● **Given data**

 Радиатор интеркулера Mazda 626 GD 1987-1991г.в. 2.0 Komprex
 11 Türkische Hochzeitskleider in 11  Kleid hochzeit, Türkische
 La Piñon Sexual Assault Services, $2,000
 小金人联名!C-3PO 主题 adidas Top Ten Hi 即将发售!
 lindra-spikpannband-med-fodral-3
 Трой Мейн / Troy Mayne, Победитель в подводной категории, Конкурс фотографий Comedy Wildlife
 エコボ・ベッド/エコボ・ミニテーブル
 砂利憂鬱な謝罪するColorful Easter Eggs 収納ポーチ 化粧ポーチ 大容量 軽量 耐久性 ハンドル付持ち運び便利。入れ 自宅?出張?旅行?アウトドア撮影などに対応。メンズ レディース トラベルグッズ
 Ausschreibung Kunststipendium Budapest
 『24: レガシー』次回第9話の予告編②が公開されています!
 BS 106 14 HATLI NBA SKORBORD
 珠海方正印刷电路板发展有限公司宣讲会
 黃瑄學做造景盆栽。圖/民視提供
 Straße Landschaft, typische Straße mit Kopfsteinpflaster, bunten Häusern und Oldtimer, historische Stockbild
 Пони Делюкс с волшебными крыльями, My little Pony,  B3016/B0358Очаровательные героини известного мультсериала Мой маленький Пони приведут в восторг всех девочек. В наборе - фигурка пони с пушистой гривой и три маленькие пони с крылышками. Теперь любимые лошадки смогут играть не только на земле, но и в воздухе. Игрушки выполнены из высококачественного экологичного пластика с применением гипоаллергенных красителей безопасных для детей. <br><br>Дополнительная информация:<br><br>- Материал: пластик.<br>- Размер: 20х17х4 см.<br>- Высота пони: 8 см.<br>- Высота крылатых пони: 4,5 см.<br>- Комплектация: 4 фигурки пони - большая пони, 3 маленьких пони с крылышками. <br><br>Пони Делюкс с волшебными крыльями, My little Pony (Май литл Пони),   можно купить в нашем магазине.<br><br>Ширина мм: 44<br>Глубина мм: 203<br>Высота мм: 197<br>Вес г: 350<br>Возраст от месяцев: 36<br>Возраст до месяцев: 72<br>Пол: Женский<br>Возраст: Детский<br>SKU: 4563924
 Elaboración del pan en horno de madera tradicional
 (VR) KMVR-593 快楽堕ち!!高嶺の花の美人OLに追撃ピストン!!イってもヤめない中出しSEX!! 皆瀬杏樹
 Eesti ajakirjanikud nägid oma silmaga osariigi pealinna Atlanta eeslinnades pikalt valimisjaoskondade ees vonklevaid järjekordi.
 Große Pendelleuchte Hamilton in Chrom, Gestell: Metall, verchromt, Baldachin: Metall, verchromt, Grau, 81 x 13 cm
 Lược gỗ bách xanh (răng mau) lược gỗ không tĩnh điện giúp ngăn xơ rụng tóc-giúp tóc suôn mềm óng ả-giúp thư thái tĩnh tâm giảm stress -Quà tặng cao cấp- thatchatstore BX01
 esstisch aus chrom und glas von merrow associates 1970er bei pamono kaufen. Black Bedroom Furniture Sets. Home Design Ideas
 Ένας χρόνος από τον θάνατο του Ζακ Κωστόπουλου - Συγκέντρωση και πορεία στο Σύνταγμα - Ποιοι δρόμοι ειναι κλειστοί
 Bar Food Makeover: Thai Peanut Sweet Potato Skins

● **Work task**
Take exactly the lines from the one containing "Ausschreibung Kunststipendium Budapest" through the one containing "Straße Landschaft, typische" in the data above, and output them with nothing added.

● **Completed task**
 Ausschreibung Kunststipendium Budapest
 『24: レガシー』次回第9話の予告編②が公開されています!
 BS 106 14 HATLI NBA SKORBORD
 珠海方正印刷电路板发展有限公司宣讲会
 黃瑄學做造景盆栽。圖/民視提供
 Straße Landschaft, typische Straße mit Kopfsteinpflaster, bunten Häusern und Oldtimer, historische Stockbild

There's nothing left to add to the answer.